Hakkında “organize suç örgütü yöneticisi ve üyesi olmak” suçlamasıyla soruşturma başlatılan Sedat Peker, ‘Her günahın bir intikam meleği olur’ başlığını taşıyan 5. videosunu yayınladı.
“Derin Mehmet, arkadaşlar, orada mısınız? Temiz Süleyman, sen de orada mısın? Namusu maaşı kadar olan gazeteciler, siz de orada mısınız? Onurlulara lafımız yok. Çakma solcular, siz de orada mısınız? İyi olanlara sözümü yok. Yoklamayı yaptık, beşinci videoya başlamakta bir sakınca yok” diyerek videoya başlayan Sedat Peker şunları söyledi:
‘BEN AKLIMI TATİLE ÇIKARDIM AMA ZEKAM DEVAM EDİYOR’
“Memduh Bayraktaroğlu diye çok sevdiğim bir abim var. Bu konularla ilgili yapmış olduğu yorumları televizyonda izleme imkanım oldu. Demiş ki, ‘Sedat Peker’i Soylu yanlış yönlendirdi, Mehmet Ağar’ı da yanlış yönlendirdi. Sadece Berat Bey’i değil.’ Ben kendisiyle aynı şeyi düşünmüyorum. Memduh abi, öncelikle zekamla ilgili söylediklerinizden dolayı teşekkür ederim. Hatırlarsanız, sizin evde otururken Tansu Hanım başbakandı. Özer abiyle sizin evde buluşmuştuk. Oradaki görüşmemizde Özer Bey benim yaşımı sormuştu. Ben de söyleyince ‘Sen benim oğlumdan daha küçüksün’ demişti. ‘Benim oğlum Etiler’de kız peşinde koşuyor, sen bu yaşta ülkenin kaderiyle ilgili konuları konuşuyorsun’ demişti. Abi bu kardeşin, aynı kardeşin. Ben aklımı tatile çıkardım ama zekam devam ediyor.
SEDAT PEKER’İN EVİNE BASKIN
Kıymetli abim iki tane örnek vereceğim, Mehmet Ağar’ın direkt bu konuyla ilgili olduğuyla ilgili. Bizim eve gelen polislerin içinde dikkat edersen hiçbirine suçlamada bulunmadım. Polis, bizim polisimiz, devletin, milletin polisi. Orada bir tane yaşlı olan dedim, bir de yanında biri var. Gelenlerin hepsi genç. 50 küsur yaşındaki özel harekatçı eğitmen olur. Operasyonlara katılmaz. Genelde 25-30 arası gelir. Saçı sakalı beyazlamış o arkadaş eve giren, çocuğa silahı doğrultan, o silahı devamlı çocuğun üzerinde tutan… Sonra organize polisinin müdahalesiyle indiren aynı kişi. Bu kişi kim biliyor musun? Mehmet abinin Özel Kalem Müdürü vardı Emniyet Müdürü, Yesugay (Aksakal). Şimdi emekli biliyorsun.

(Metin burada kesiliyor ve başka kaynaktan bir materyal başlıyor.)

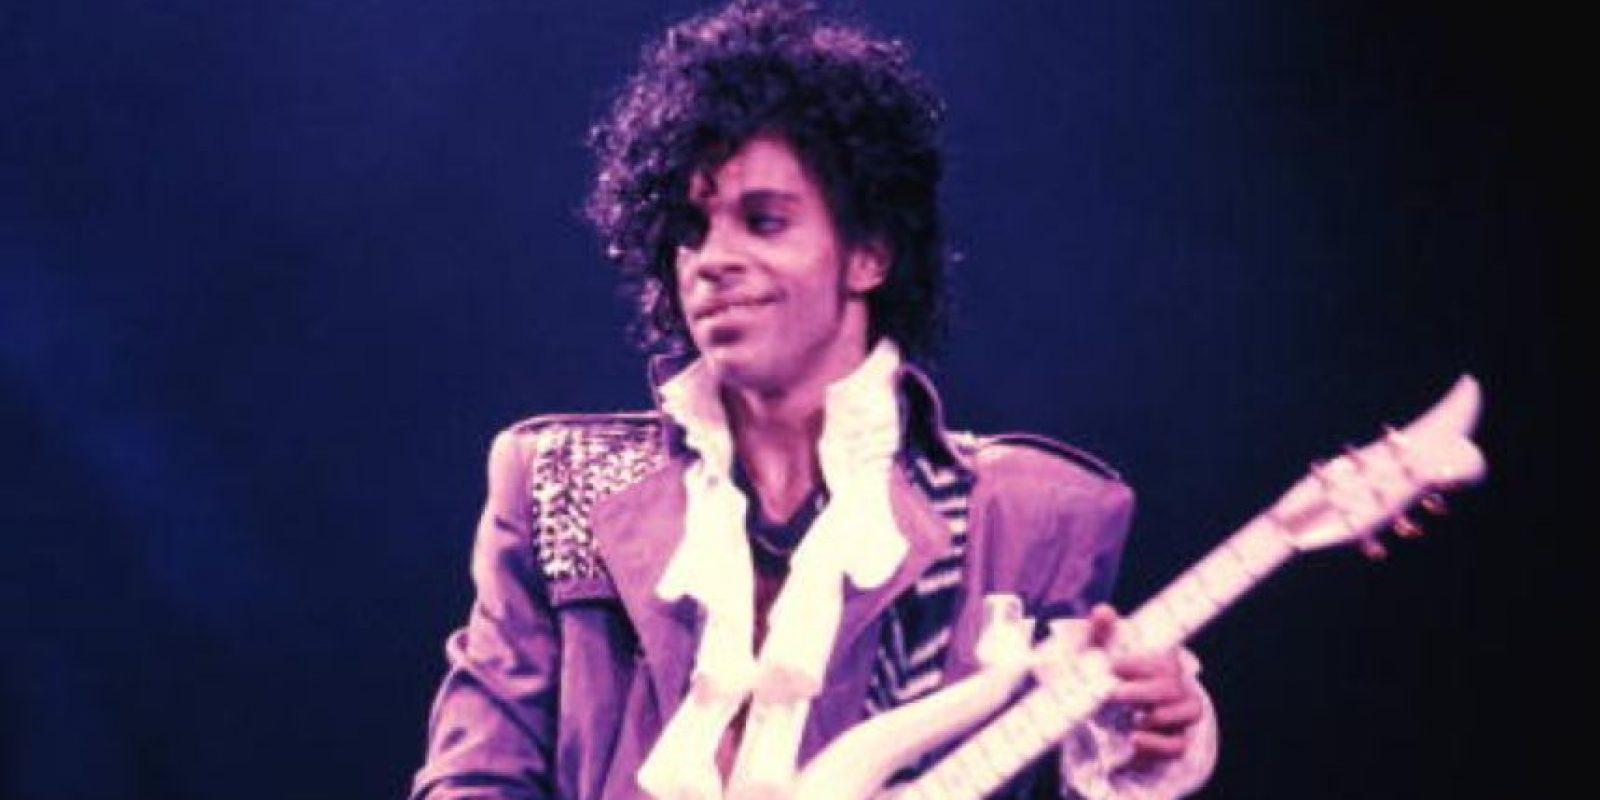 Lo encontraron muerto en su mansión. Foto:vía Getty Images

Özel Harekatçılar Derneği’nin başkanlığını yapıyordu. Bu saygısızlığı yapan kişi, Yesugay’la tanıdık hem de yakın çalışma arkadaşlığı yapmışlar geçmişte. Şimdi abi, sana soruyorum, bu kadar tesadüf olur mu? Veya Mehmet Ağar Antalya’da yemek yerken, kalabalık bir yemek, orada bir konu geçiyor benimle ilgili. ‘3-4 güne kadar göreceksin neler olacak’ diyor. Emniyette talimatla operasyon yaptırdı. Sen hiç para dağıttırılarak emniyette suç örgütü operasyonu yaptırıldığını gördün mü? Onlara da değineceğiz ama elimde görüntü ses kaydı olduğu için söylemiyorum.
‘SOLCU DA SAĞCI DA DEĞİLİM’
Ruşen Çakır isminde bir sol gelenekten gelen gazeteci var. Çok beyefendi. Kırmayan, incitmeyen kibar bir insan. Ruşen abi, ‘Sedat Peker solcu mu oldu’ demiş. Ben solcu değilim, sebeplerini anlatırım benim kafama yatmıyor. Ben sağcı da değilim, o da benim kafama yatmıyor. Ben akılcılık fikrine daha uygun olduğumu söylüyorum.
‘SAVCILARA ZAHMET VERMEMEK İÇİN’
Bazı gazeteci arkadaşlar konuşma yaparken şöyle diyorlar: ‘Deliller gelmeden konuşulmaz, uygun değil. Bunların incelenmesi gerekir.’ Annem hep şöyle derdi: ‘Oğlum kendi işinle ilgili başkalarına zahmet verme.’ Ben de savcılara zahmet vermemek için oradaki yazı işleri müdürü arkadaşların yazacağı yazıları ikişer satırla anlatıp… Bir hafta sonra anlatacaklarımın delilleneceği konusunda zaten şüphe yok.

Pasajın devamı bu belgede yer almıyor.